◆ **WHAT YOU WILL DO**: Look through the data below and output, unchanged, every line from the one holding "Lava Lite Classic" through the one holding "[Habitat management brightens", inclusive. Skip the pictures.

[[ DATASET RECORDS open ]]

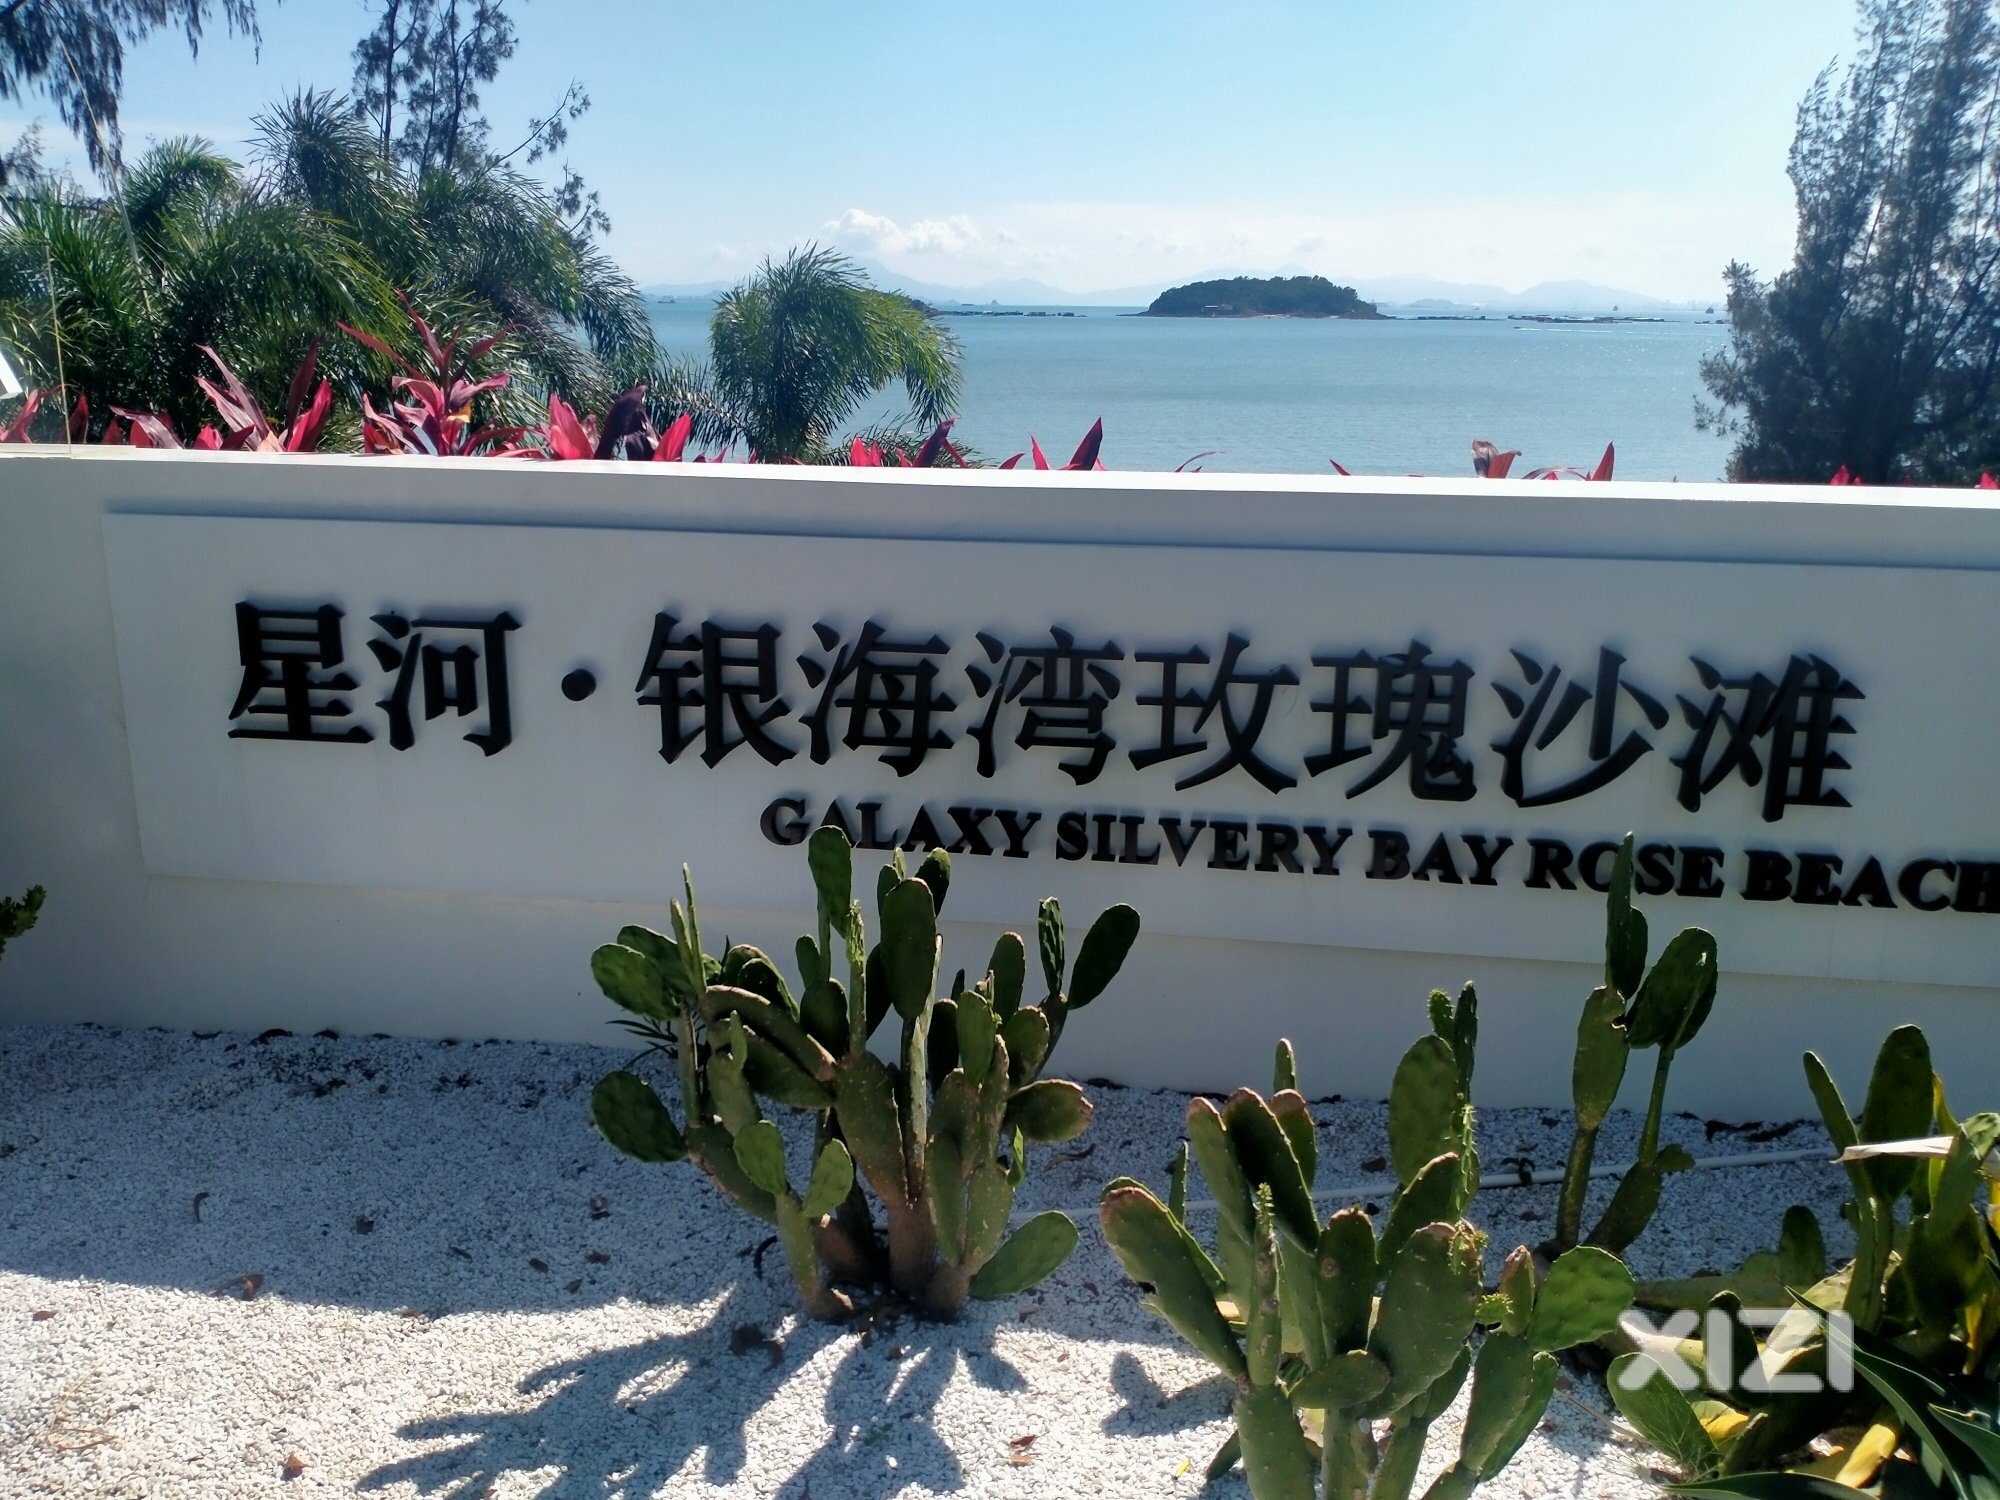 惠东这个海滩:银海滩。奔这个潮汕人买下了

[[ DATASET RECORDS closed ]]
[[ DATASET RECORDS open ]]

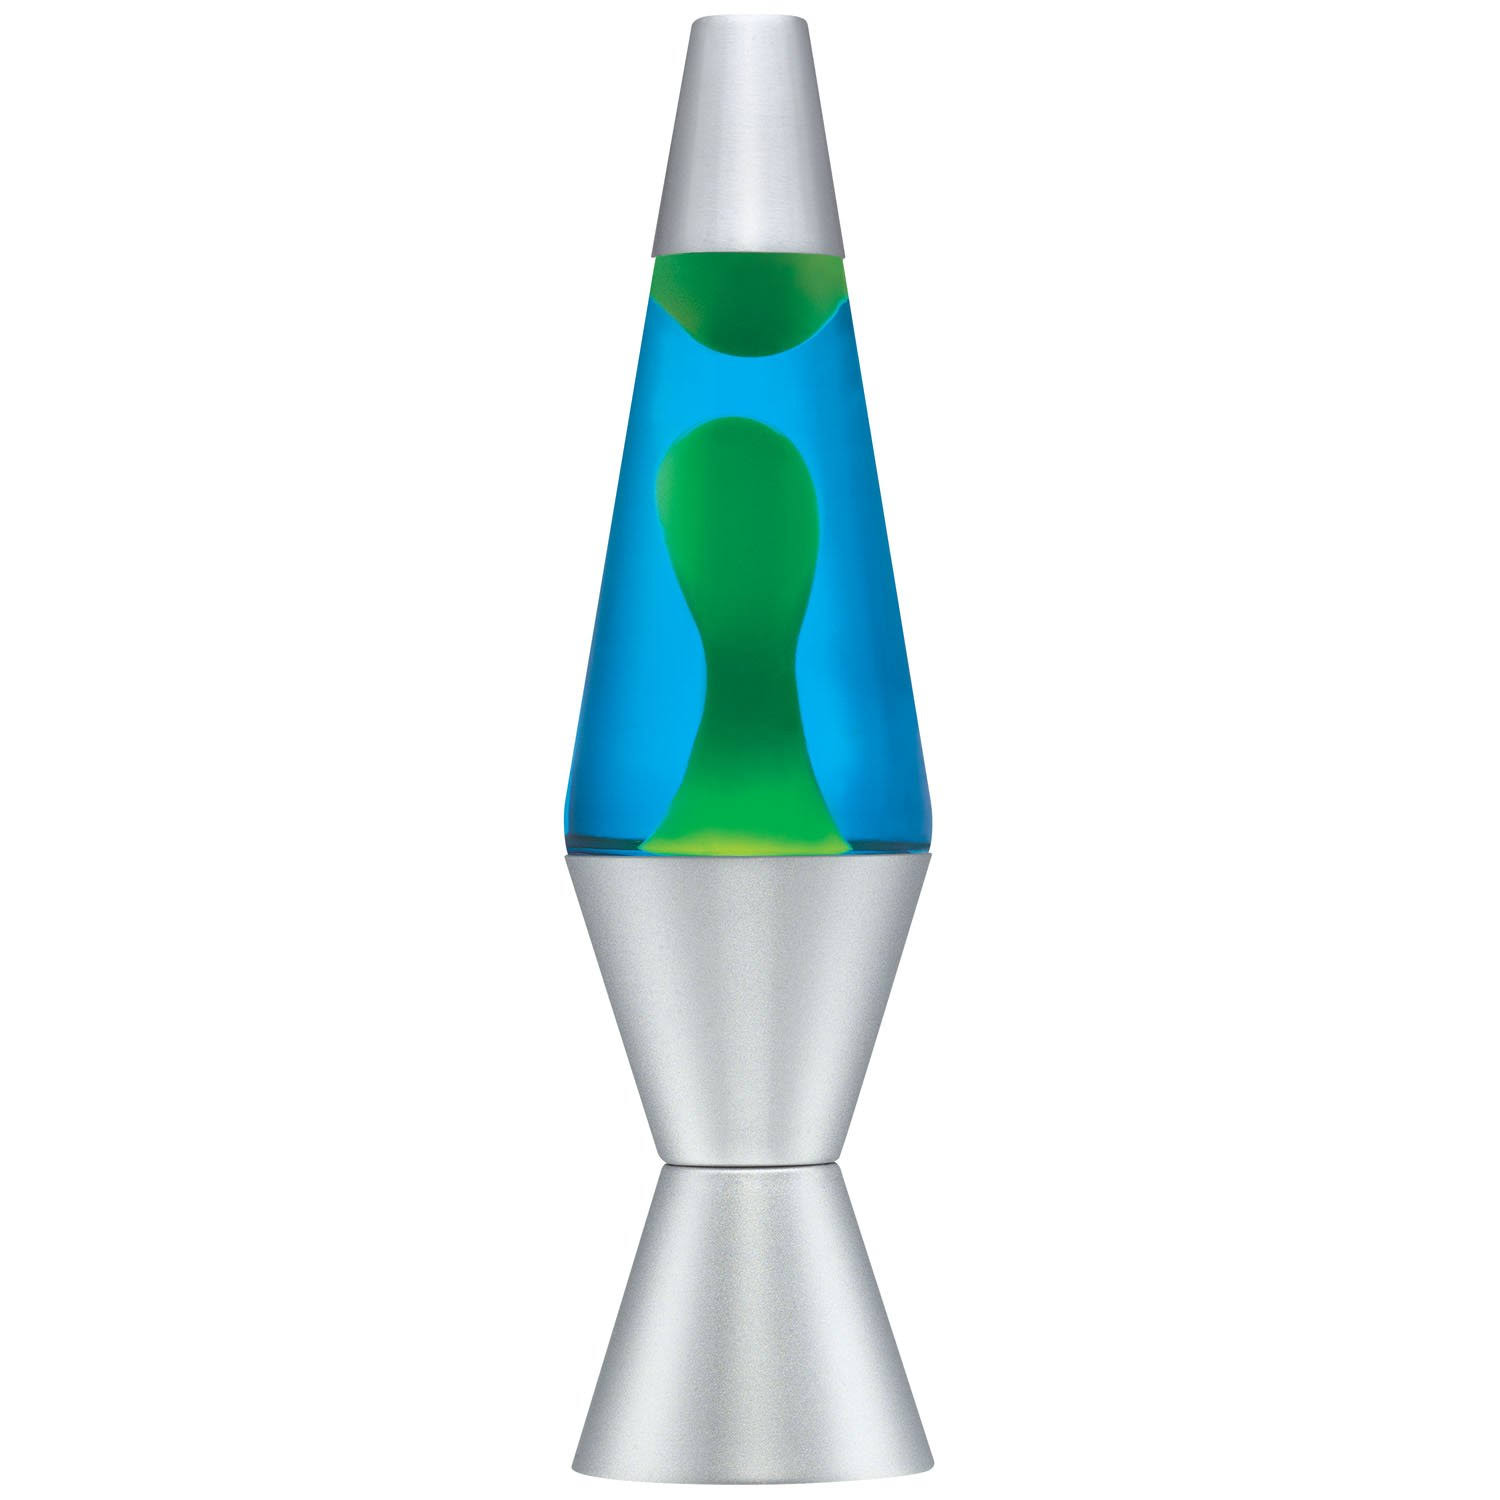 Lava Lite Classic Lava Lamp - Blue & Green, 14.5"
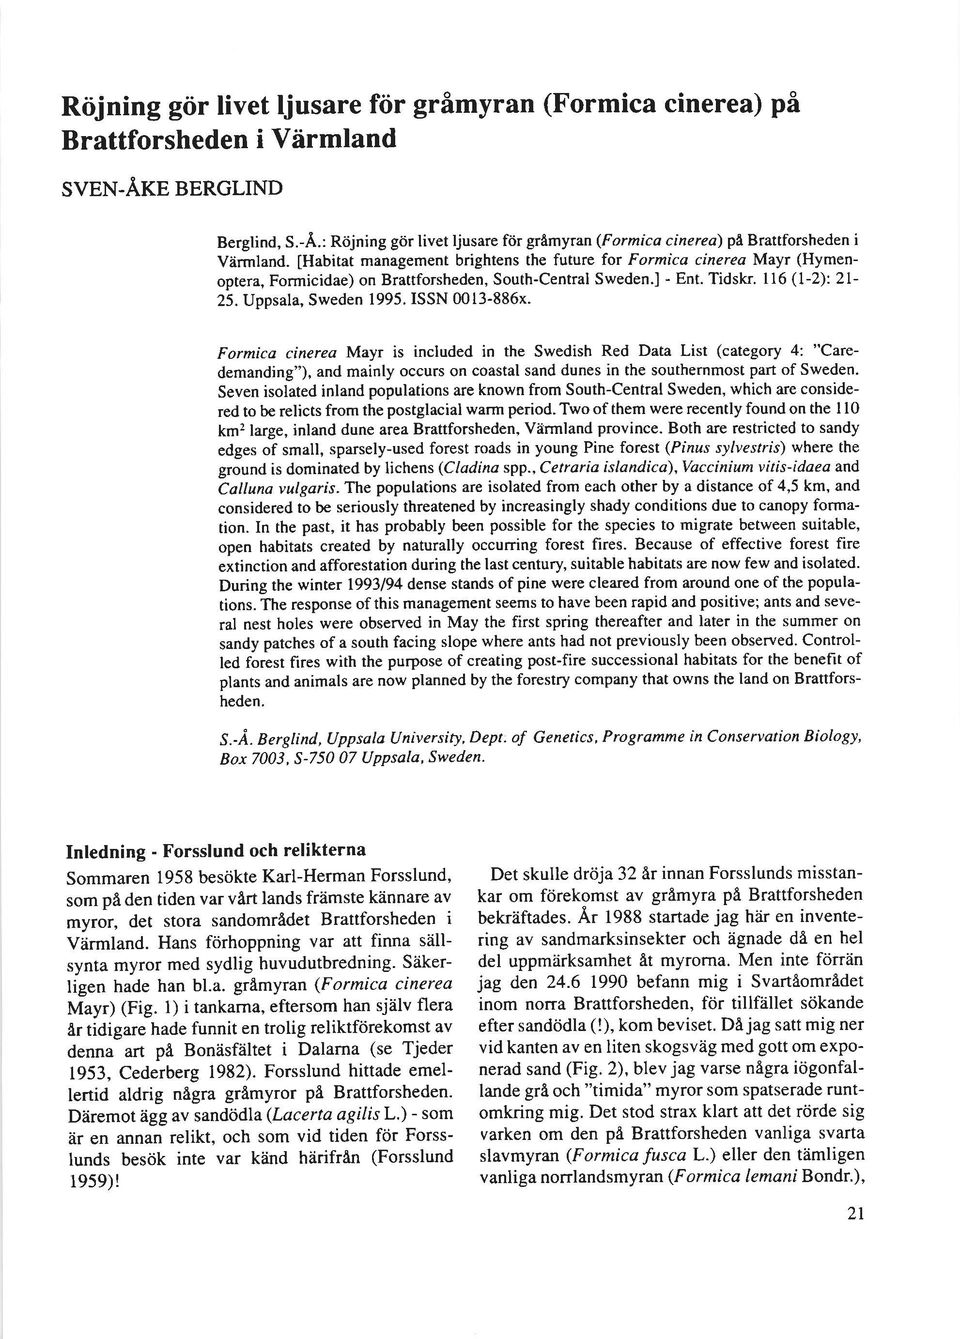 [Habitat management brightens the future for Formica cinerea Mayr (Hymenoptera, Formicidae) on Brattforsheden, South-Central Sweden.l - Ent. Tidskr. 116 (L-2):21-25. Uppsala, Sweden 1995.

[[ DATASET RECORDS closed ]]

◆ **THE ANSWER**:
 Lava Lite Classic Lava Lamp - Blue & Green, 14.5"
 [Habitat management brightens the future for Formica cinerea Mayr (Hymenoptera, Formicidae) on Brattforsheden, South-Central Sweden.l - Ent. Tidskr. 116 (L-2):21-25. Uppsala, Sweden 1995.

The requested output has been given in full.